"Waktu terus beranjak, Ka. Jangan menghujaniku dengan syair-syair memabukkan," suaraku tertcekat di tenggorokan. Merupa embusan angin.
"Baiklah. Sini, mendekatlah." Raka meraih pundakku. Lalu dengan tenang membisikkan sesuatu di telingaku.
***
Derap kaki kuda terdengar riuh memasuki halaman pendapa. Ayahanda --- Mpu Purwa dan para tetua sudah berdiri berjajar. Rapi. Siap menyambut iring-iringan tamu yang diutus oleh Jaka Lola.
Sementara aku duduk bersimpuh di atas lantai dingin pendapa, ditemani Ibu. Tak ada senyum menghiasi wajah kami. Juga tak ada sekelumit kata yang terucap. Suasana hening, mamring, dan bisu.
Sampai kemudian Ayahanda membawa salah seorang utusan Jaka Lola masuk menemuiku.
"Ada pesan yang bisa hamba sampaikan kepada junjungan kami?" Utusan itu membungkukkan badan ke arahku.

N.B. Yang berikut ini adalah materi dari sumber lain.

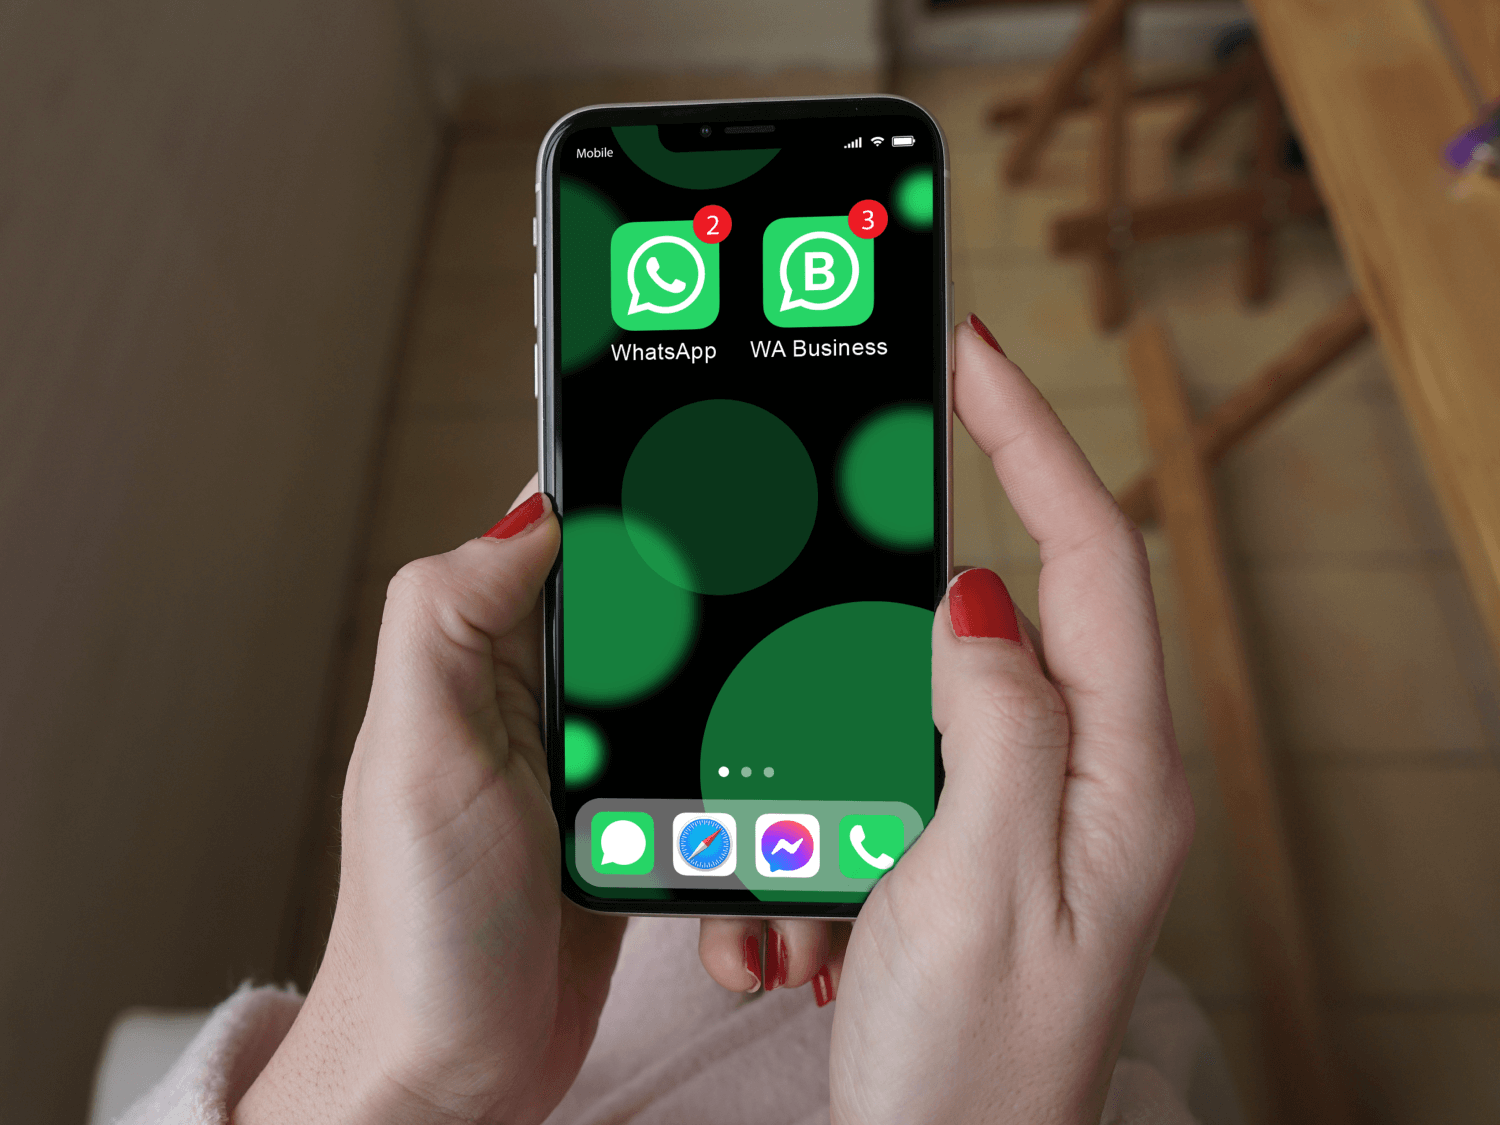 hands holding a phone with WhatsApp and WhatsApp Business installed on it

"Ya. Tolong sampaikan kepada tuanmu. Ken Dedes minta dibuatkan sebuah sendang padusan. Hanya dalam waktu semalam!" Aku berkata tegas. Â
Lalu mataku beralih ke arah Ayahanda.Â
Kulihat wajah lelaki bijak itu mendadak berubah pucat dan begitu renta.
***
Membuat sendang padusan dalam waktu semalam? Kami --- aku dan Raka, tertawa-tawa. Mana mungkin Jaka Lola mampu melakukannya? Sepintar dan sesakti apa pun dia.
Tapi tunggu dulu! Jangan terburu menganggap enteng kemampuan Jaka Lola. Kiranya lelaki itu adalah lelaki sakti mandraguna. Juga seorang pejuang cinta yang gigih.